И в самом деле, ученые мужи, просвещавшие юношество в стенах старой, некогда монастырской, школы, под мягким руководством добродушного, вечно нюхавшего табак старика директора, были люди безобидные и незлобивые, все, как один, полагавшие, что наука и веселье отнюдь не исключают друг друга, и старавшиеся внести в свое дело снисходительную благожелательность.

В средних классах преподавал латынь некий долговязый господин с русыми бакенбардами и живыми блестящими глазами, по фамилии Пастор, ранее и вправду бывший пастором, который не переставал радоваться совпадению своей фамилии со своим духовным званием и устанавливать, что латинское слово «pastor» означает: «пастырь», «пастух». Любимым его изречением было: «Безгранично ограниченный», и никто так никогда и не узнал, говорилось ли это в шутку или всерьез.

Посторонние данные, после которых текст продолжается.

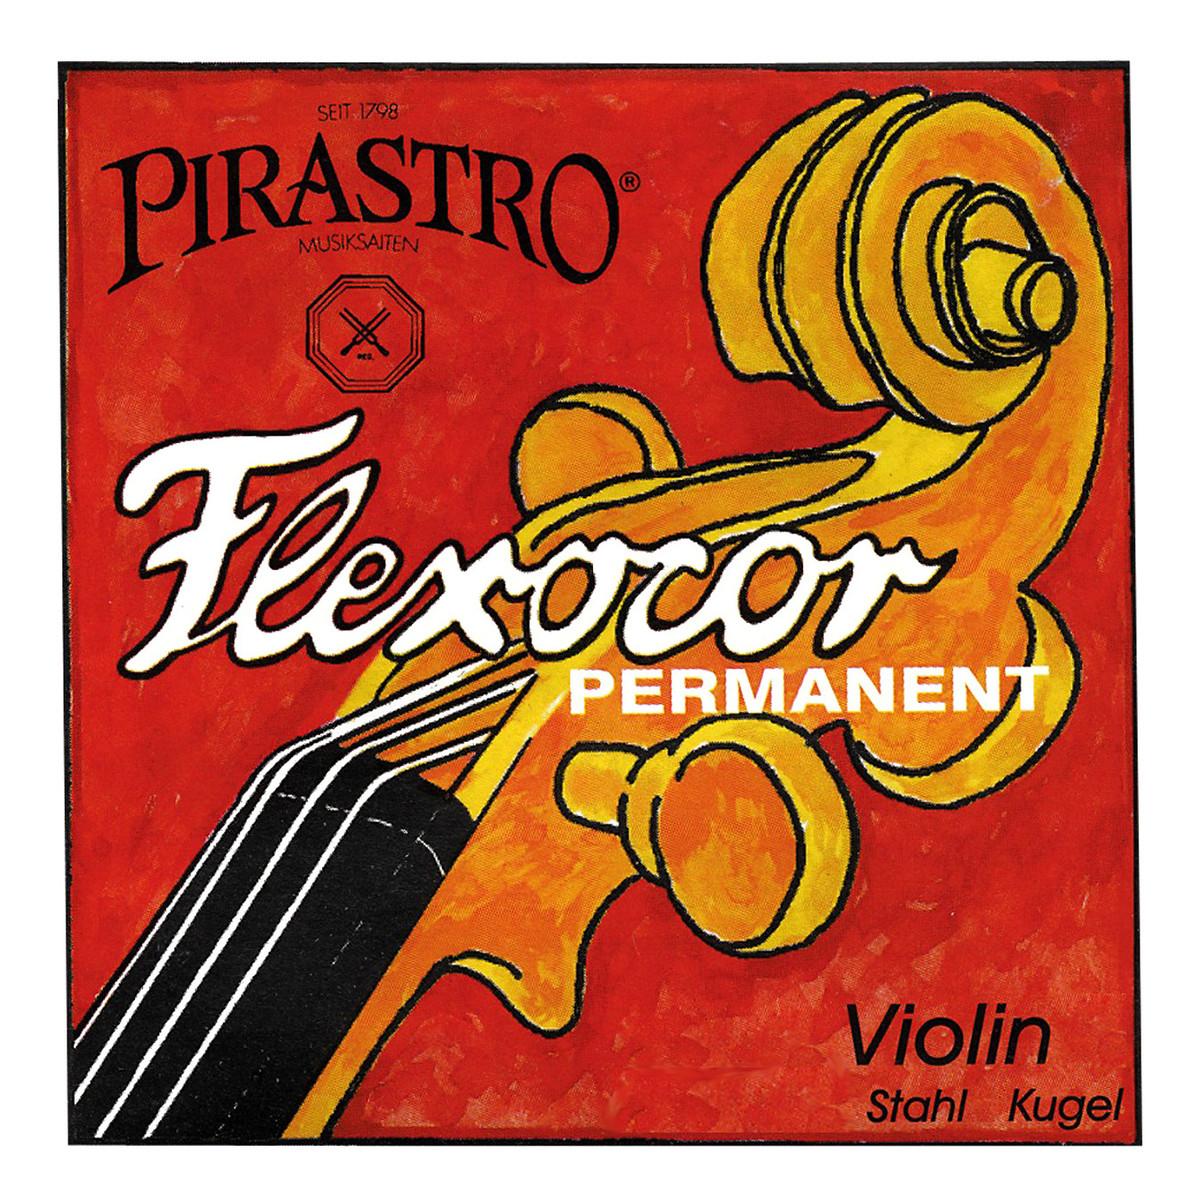 Струны для скрипки PIRASTRO 316020 Flexcor permanent
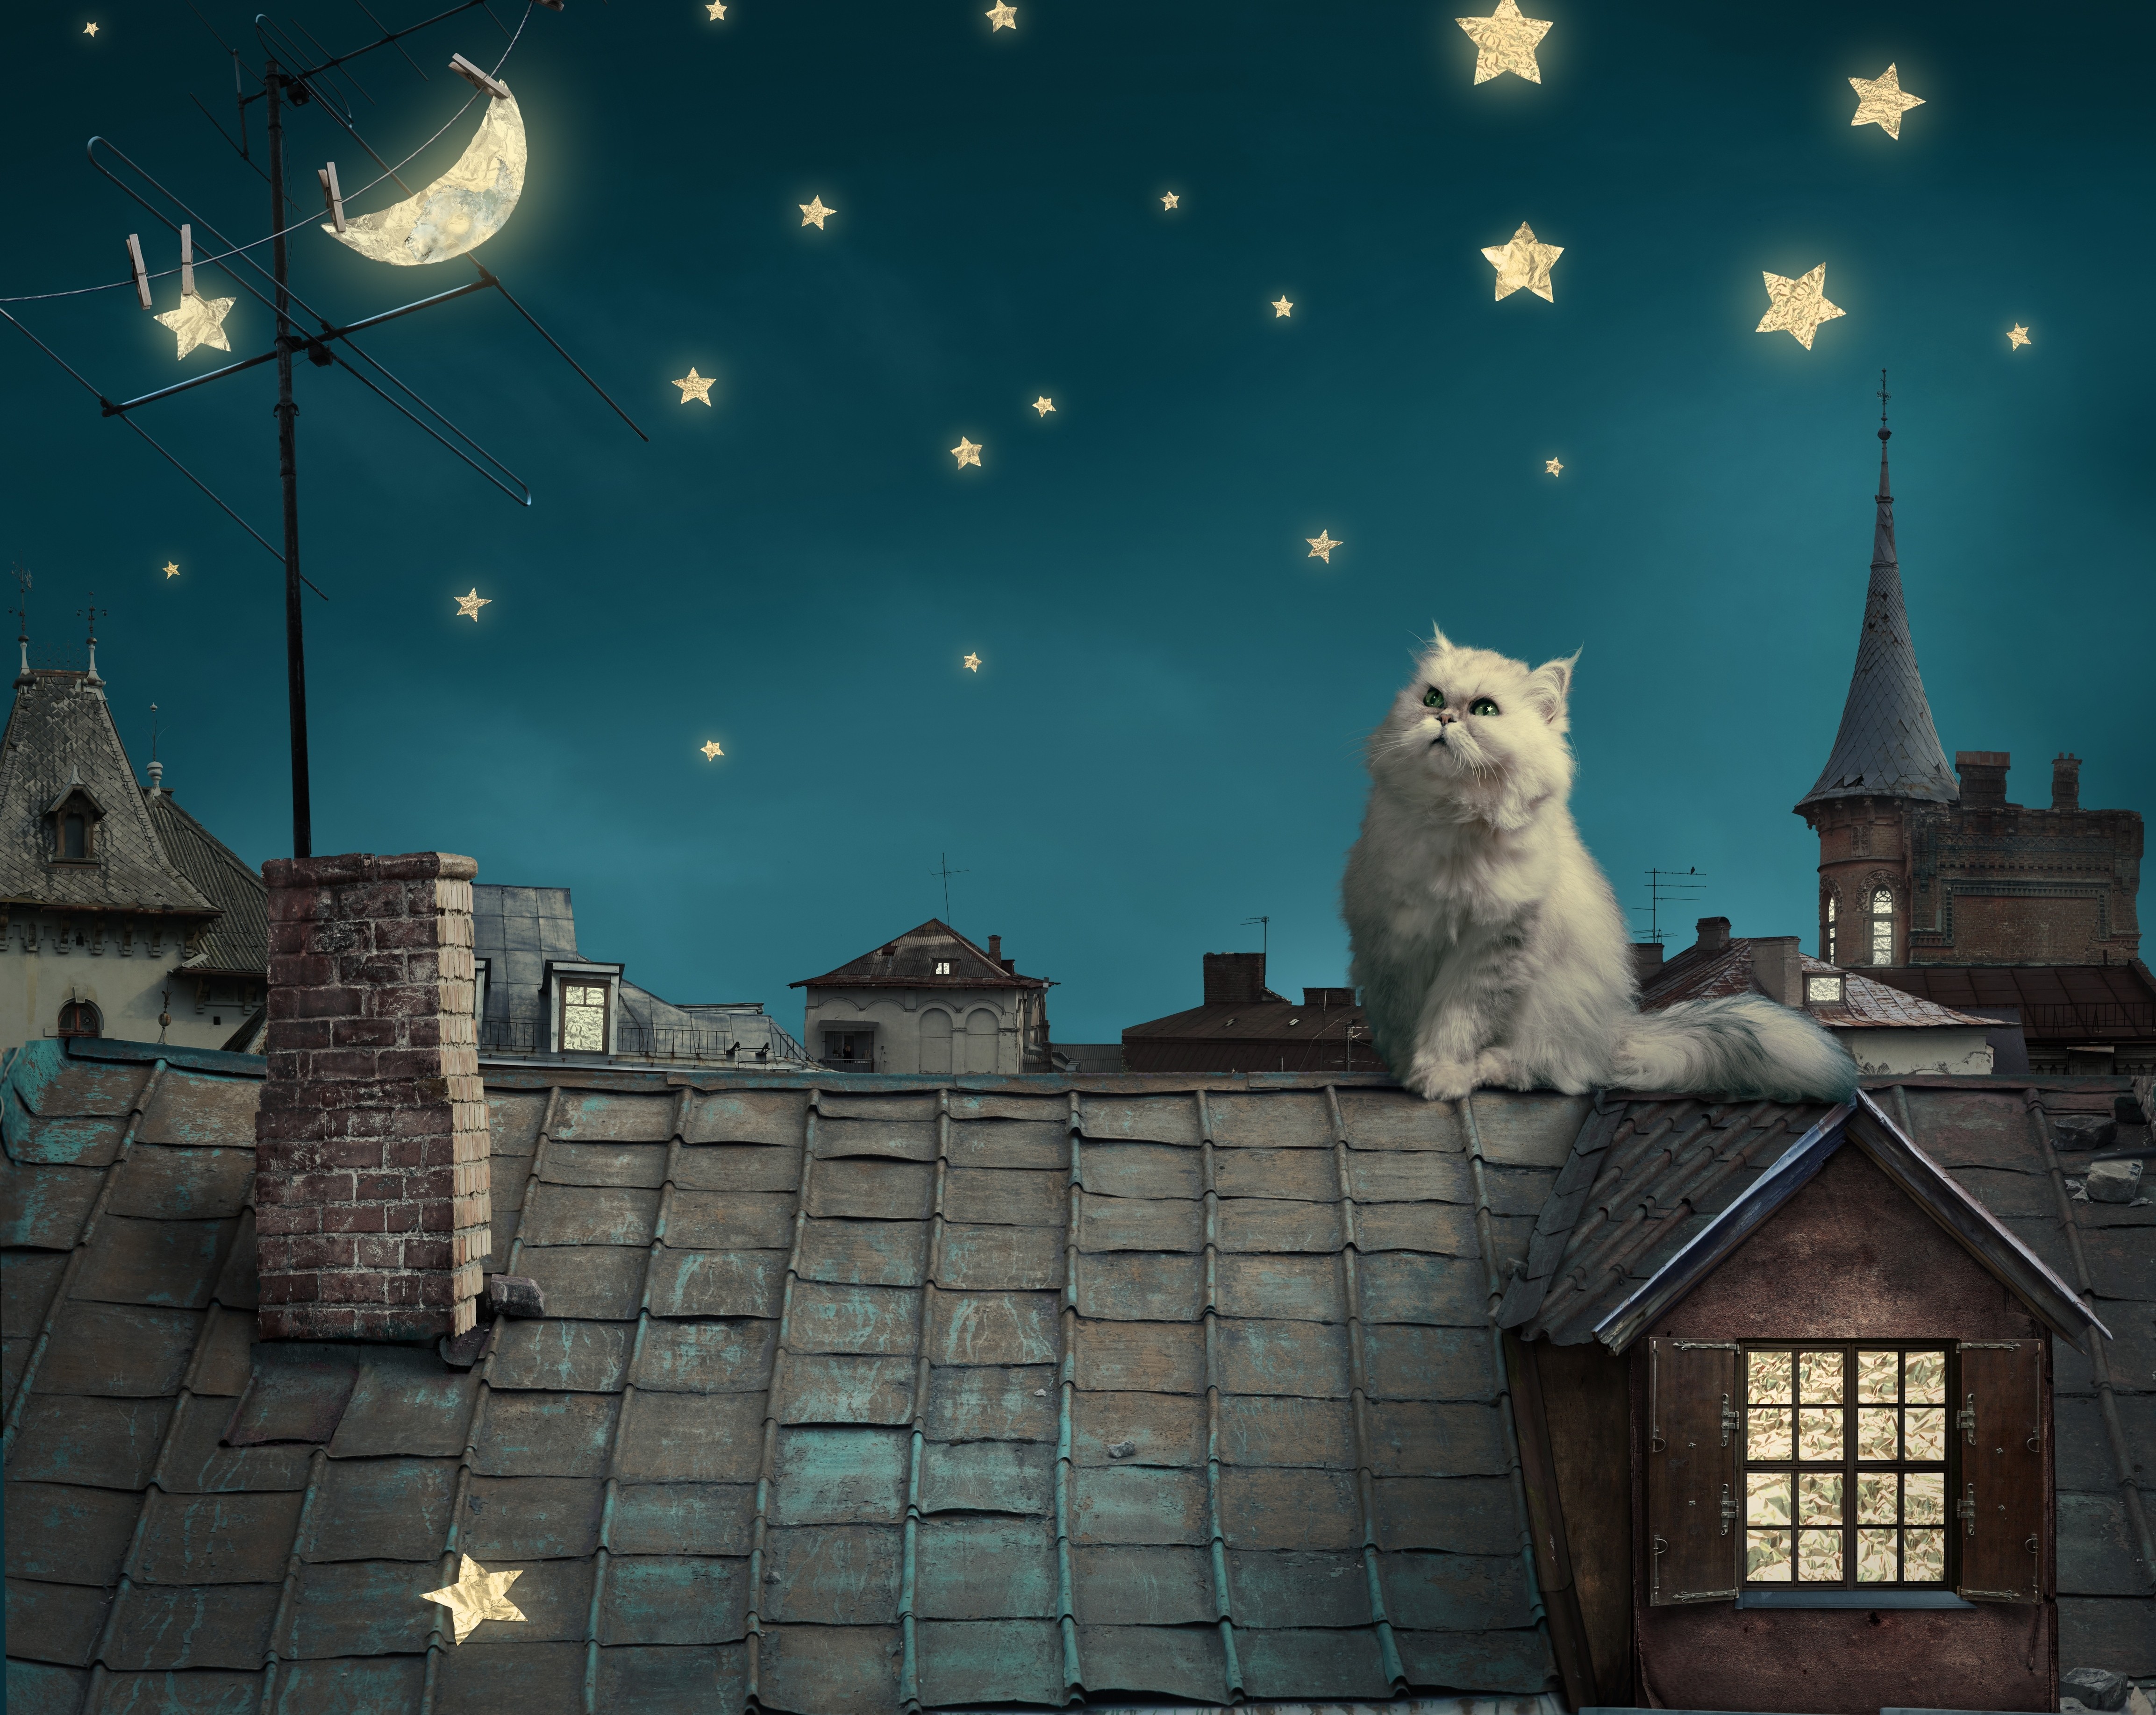 Animals Cats Stars Moon Crescent Moon House Rooftops Digital Art Persian Cat 4614x3671

Развлекал он учеников и своим виртуозным умением втягивать губы в рот и вновь выпускать их с таким треском, словно выскочила пробка из бутылки с шампанским. Он любил также, большими шагами расхаживая по классу, с невероятной живостью описывать тому или другому ученику его будущее, с целью расшевелить воображение мальчиков. Но тут же становился серьезен и переходил к работе, то есть приказывал им читать стихи – вернее, ловко облеченные им в стихотворную форму правила затруднительных грамматических построений и речевых оборотов, которые он сам «декламировал» с несказанной торжественностью, отчеканивая ритм и рифмы…

Юность Тома и Христиана… Ничего примечательного о ней не расскажешь. В ту пору дом Будденброков был озарен солнечным светом, и дела в конторе и ее отделениях шли как по маслу. Правда, иногда все же случались грозы или досадные происшествия, вроде следующего.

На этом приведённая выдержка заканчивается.